_DATA EXTRACT_.
○ ○ ○

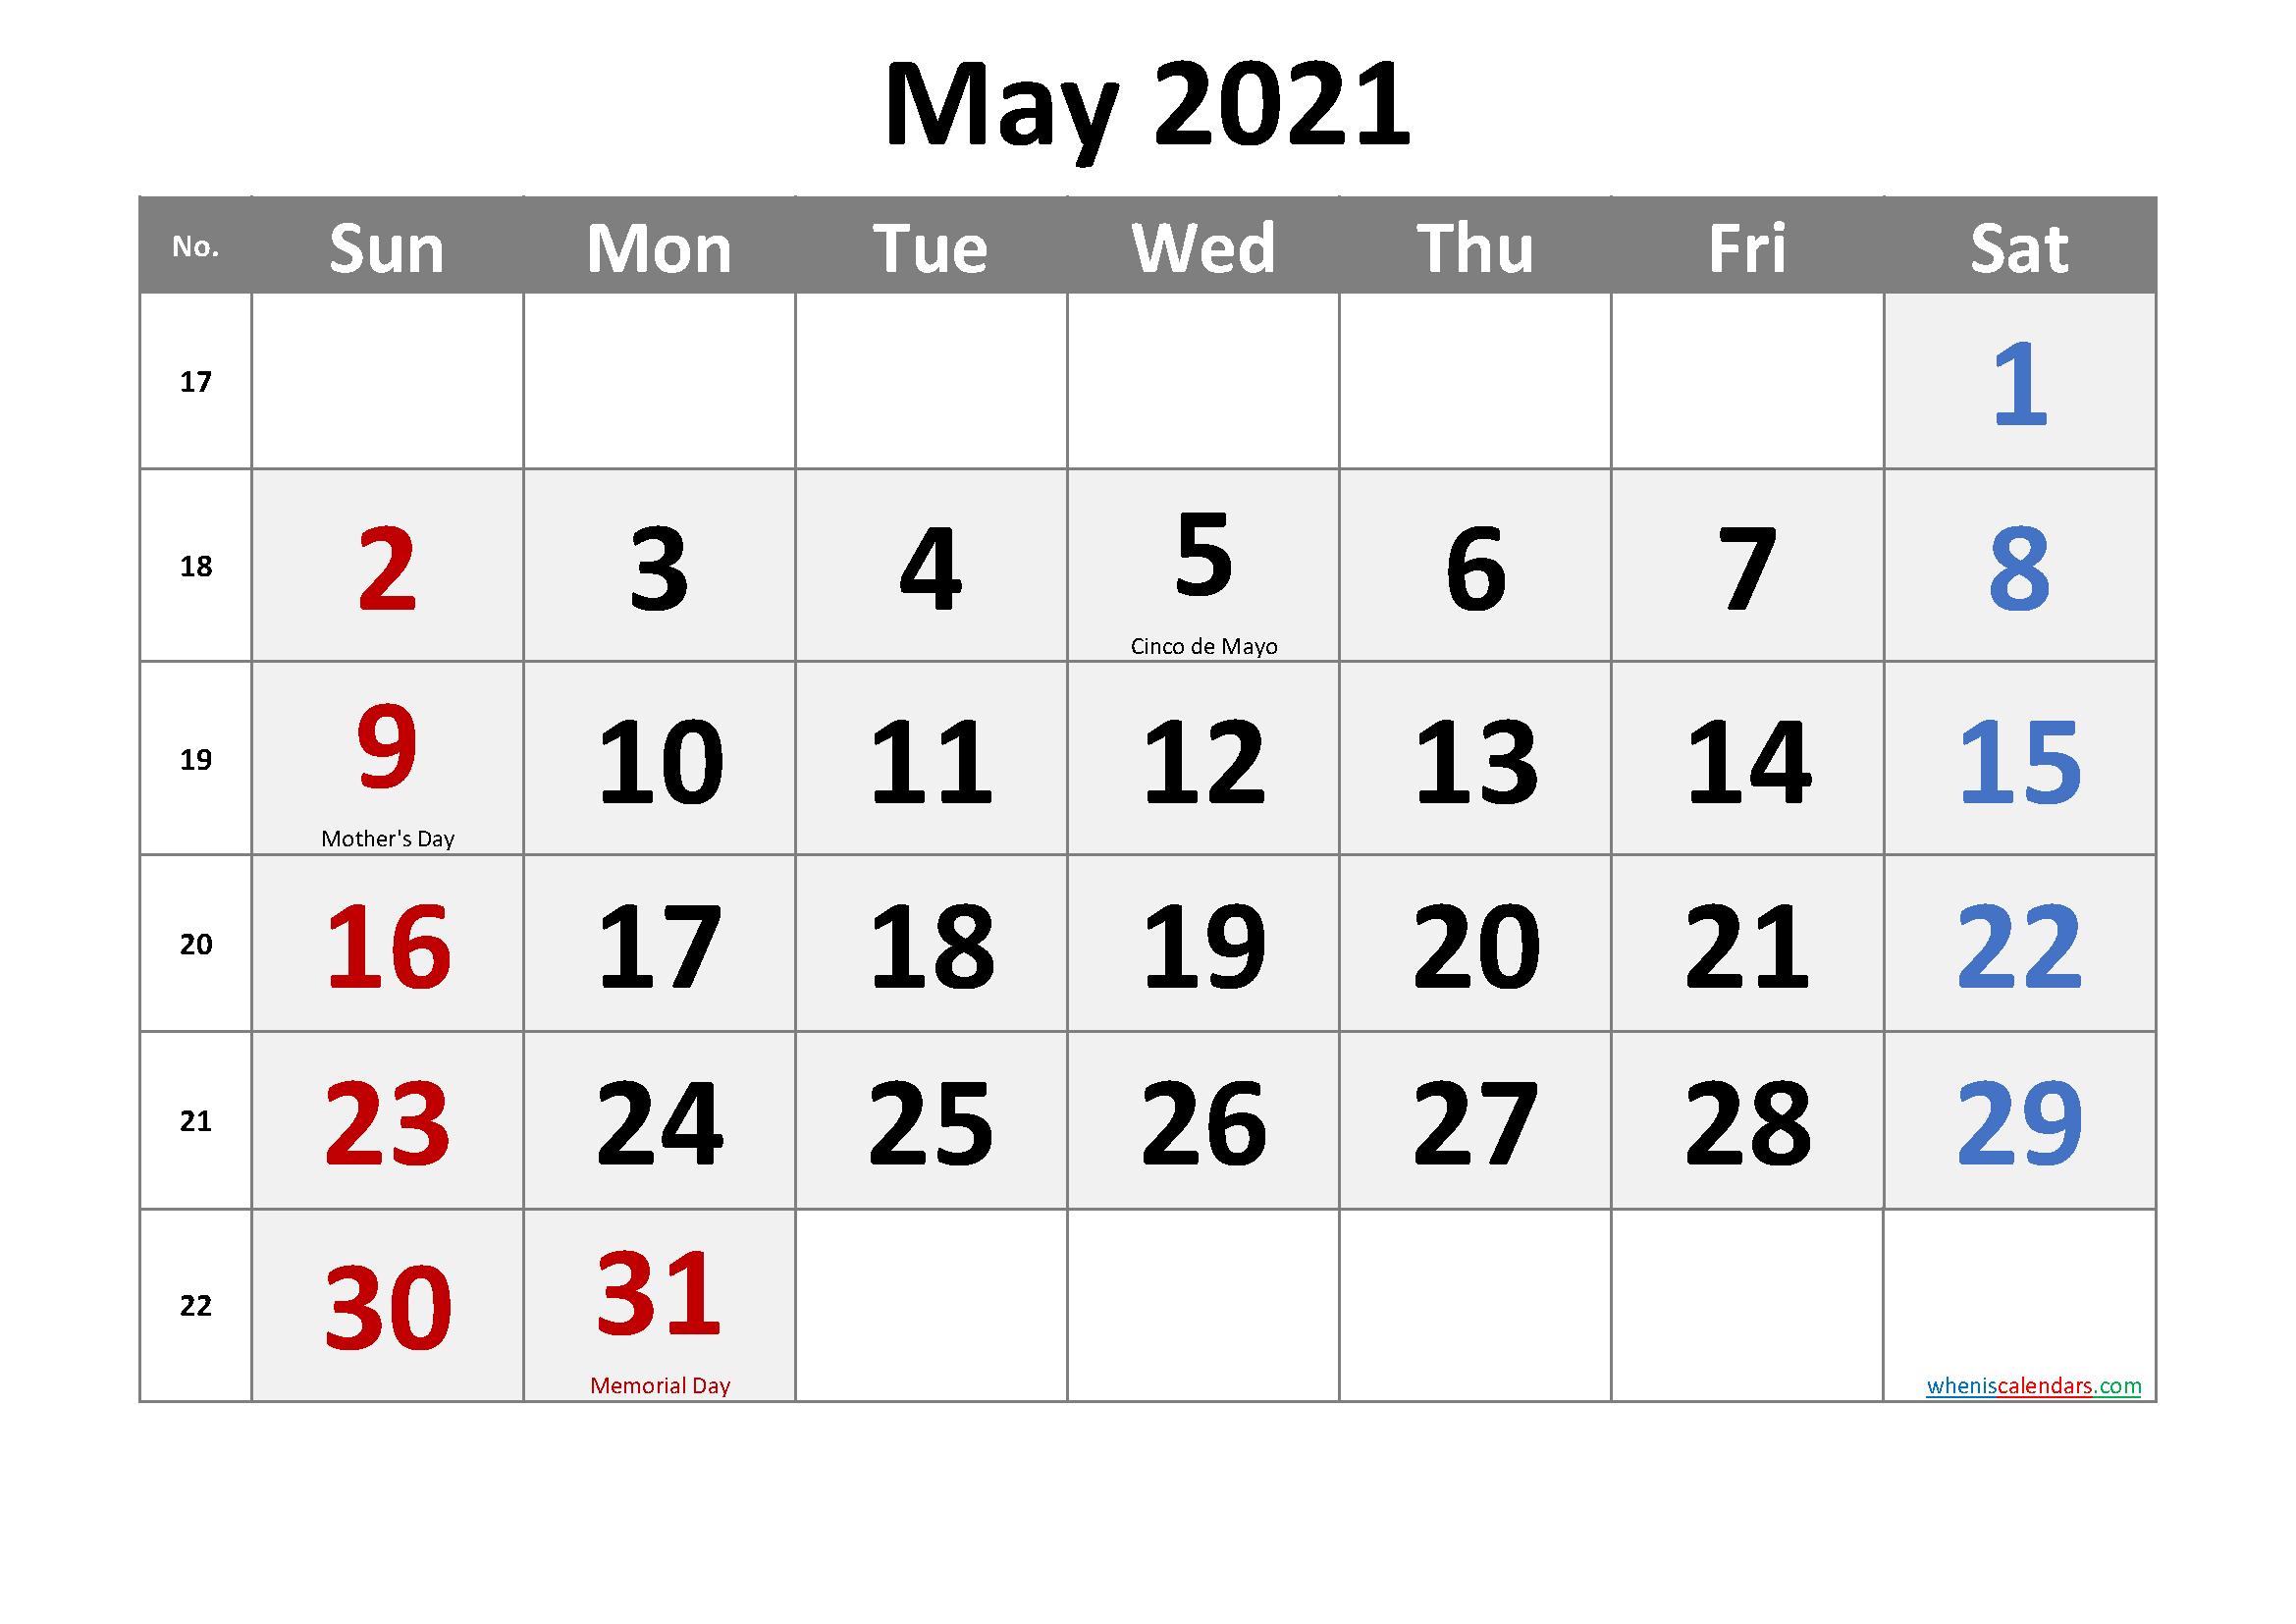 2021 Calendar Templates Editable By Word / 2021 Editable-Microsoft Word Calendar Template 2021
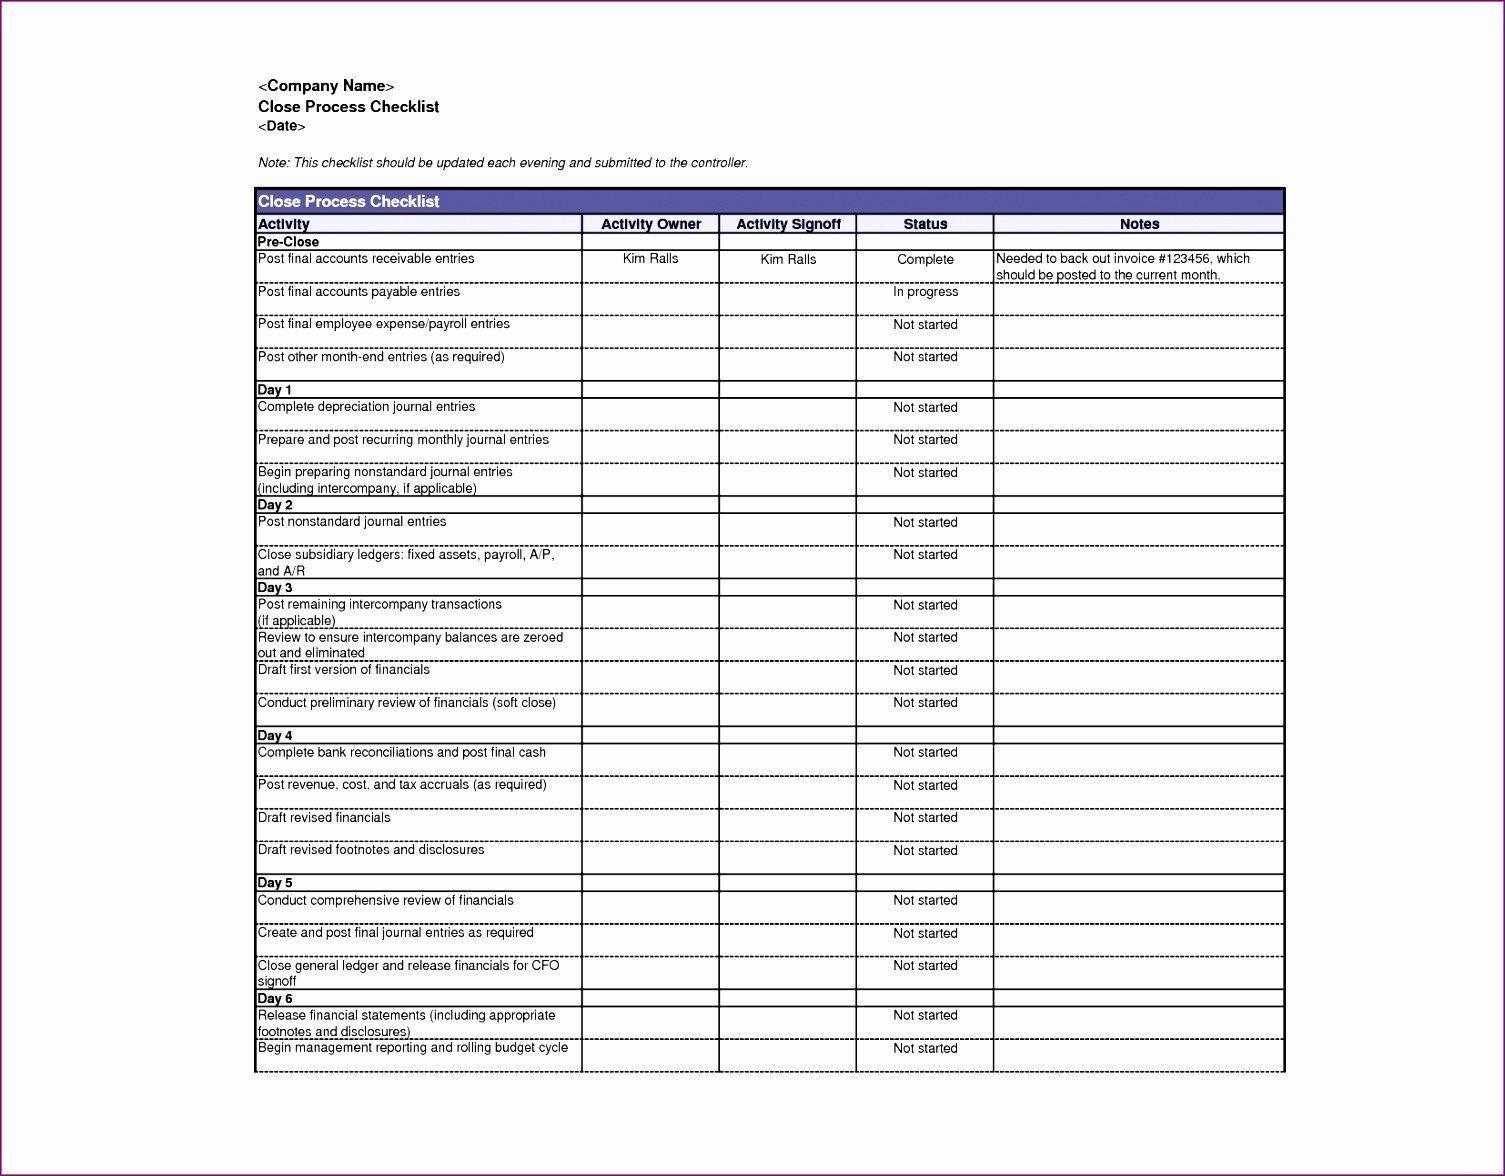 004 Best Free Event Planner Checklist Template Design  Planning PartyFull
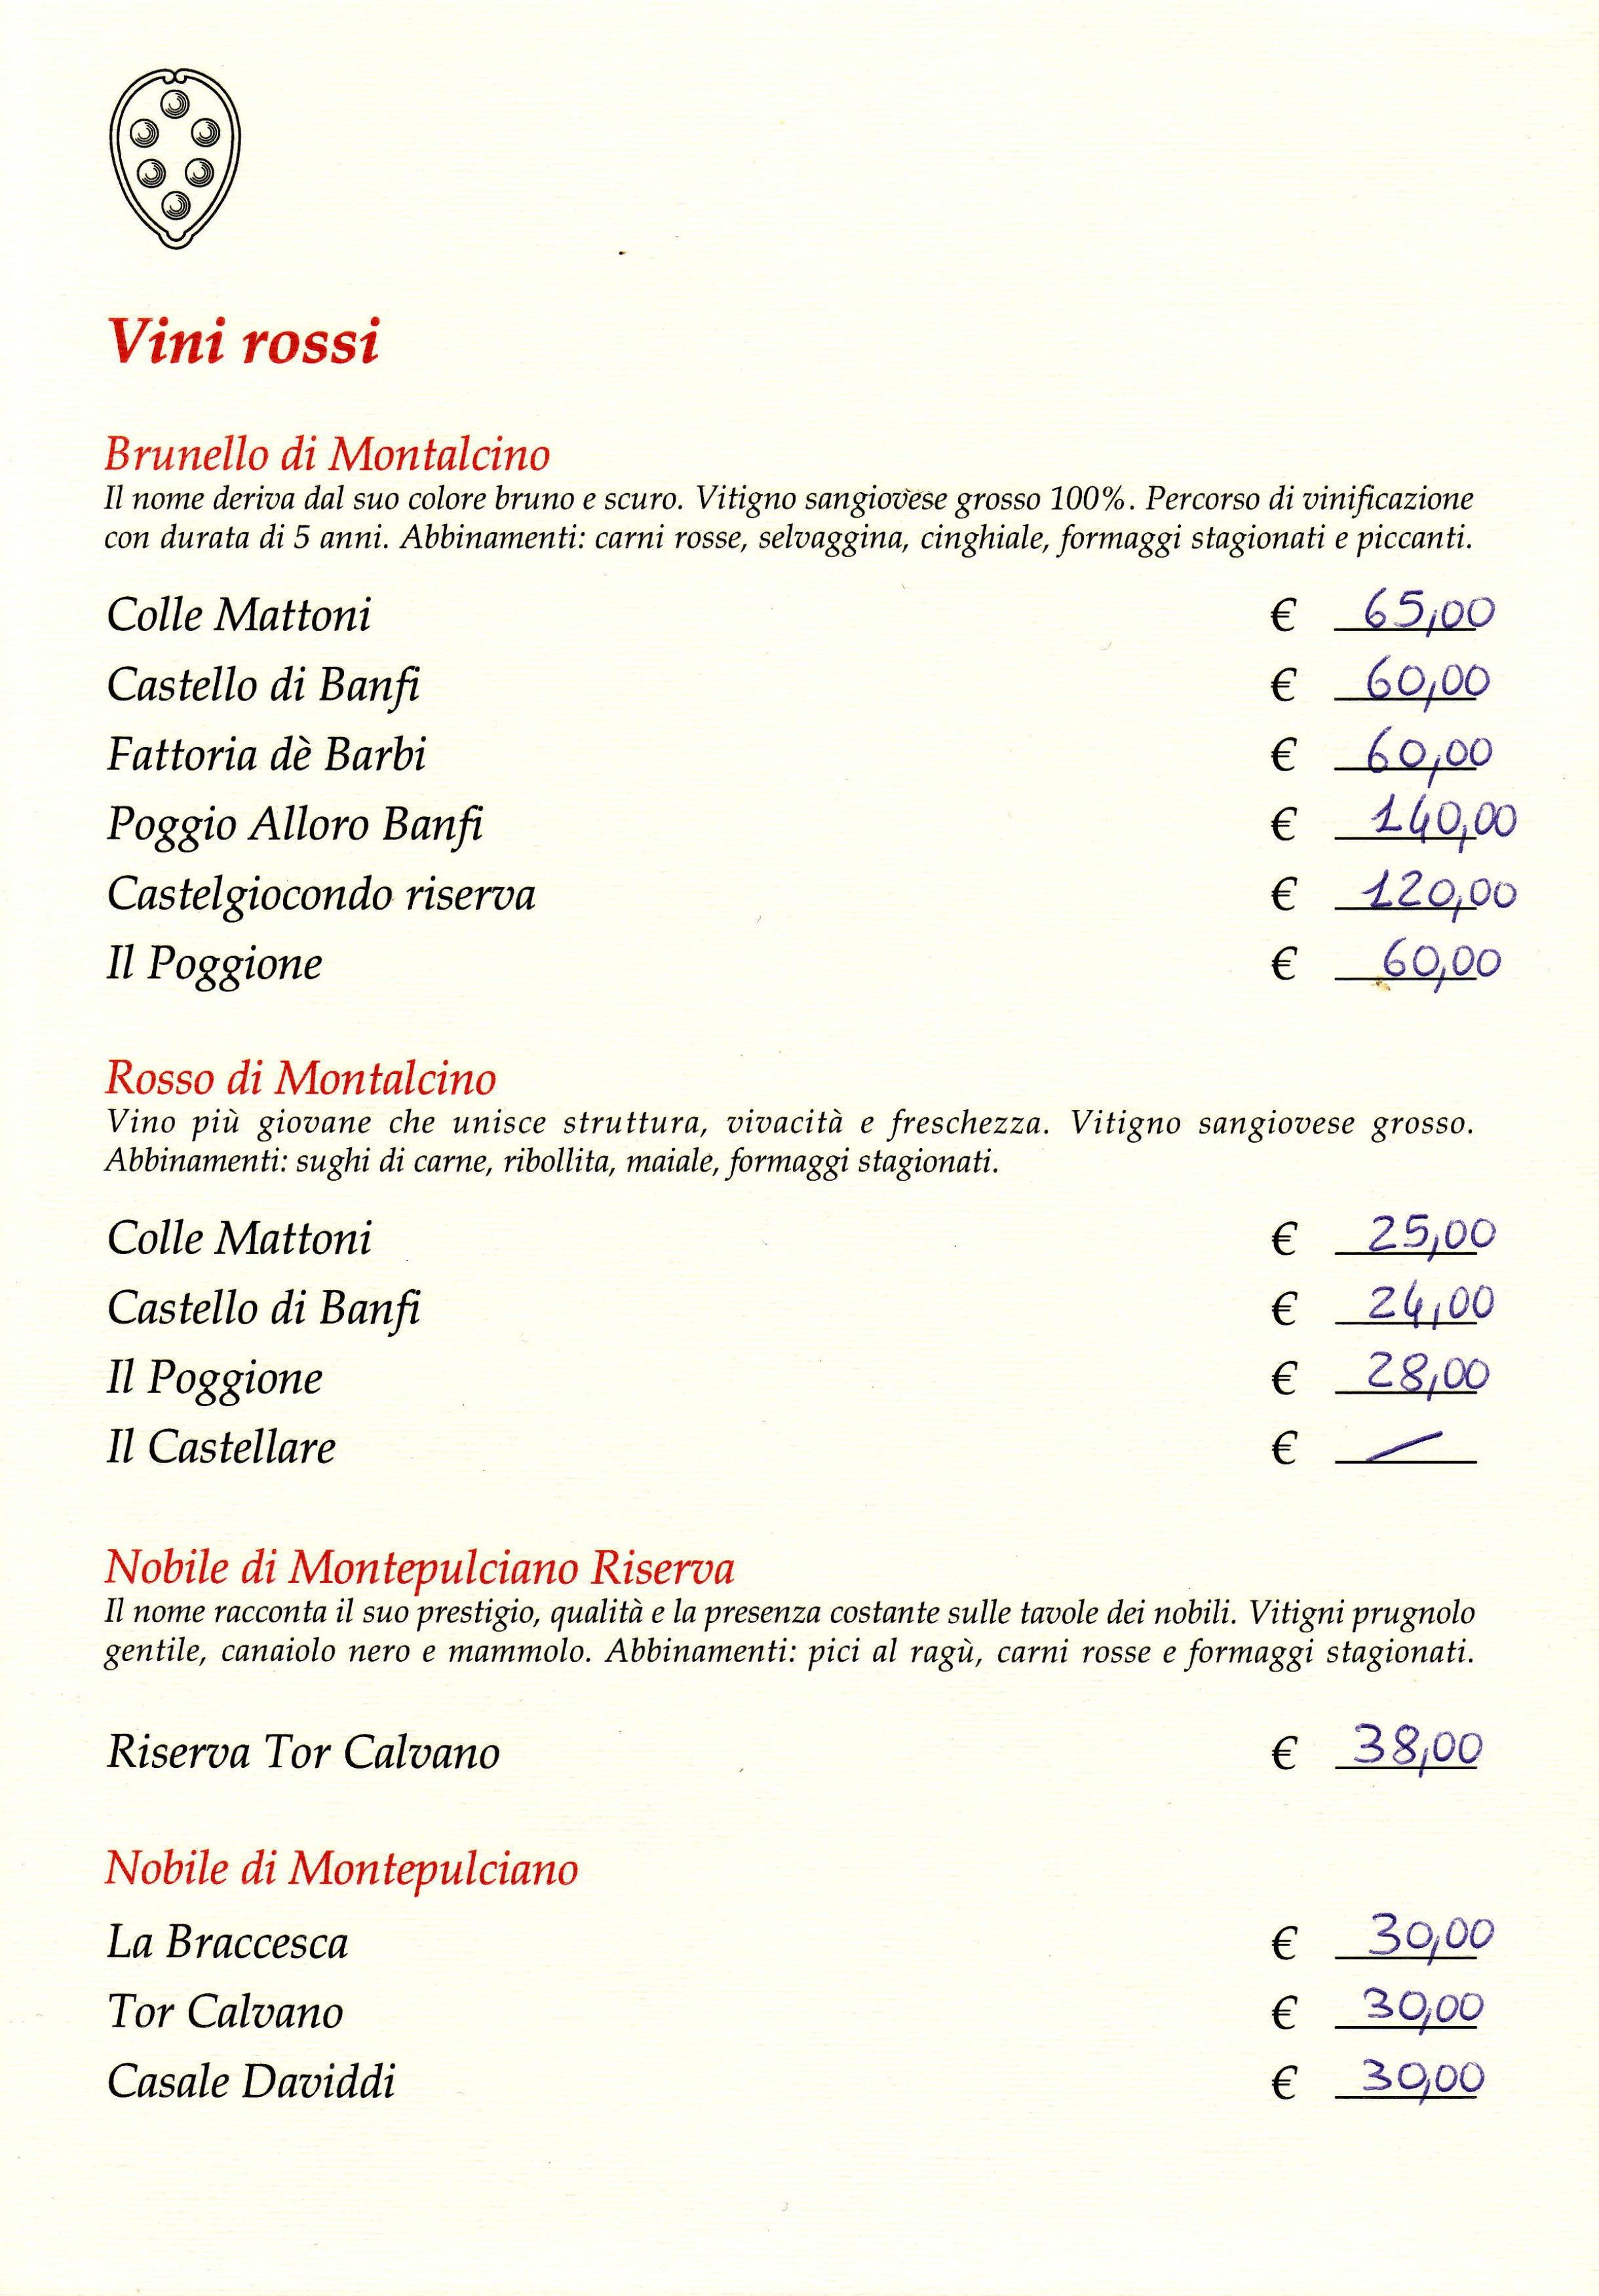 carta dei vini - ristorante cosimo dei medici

○ ○ ○

_WORK REQUIRED_.
Return each line of the data, keeping its wording exact and omitting pictures.

_SOLUTION TO THIS PROBLEM_.
 2021 Calendar Templates Editable By Word / 2021 Editable-Microsoft Word Calendar Template 2021
 004 Best Free Event Planner Checklist Template Design  Planning PartyFull
 carta dei vini - ristorante cosimo dei medici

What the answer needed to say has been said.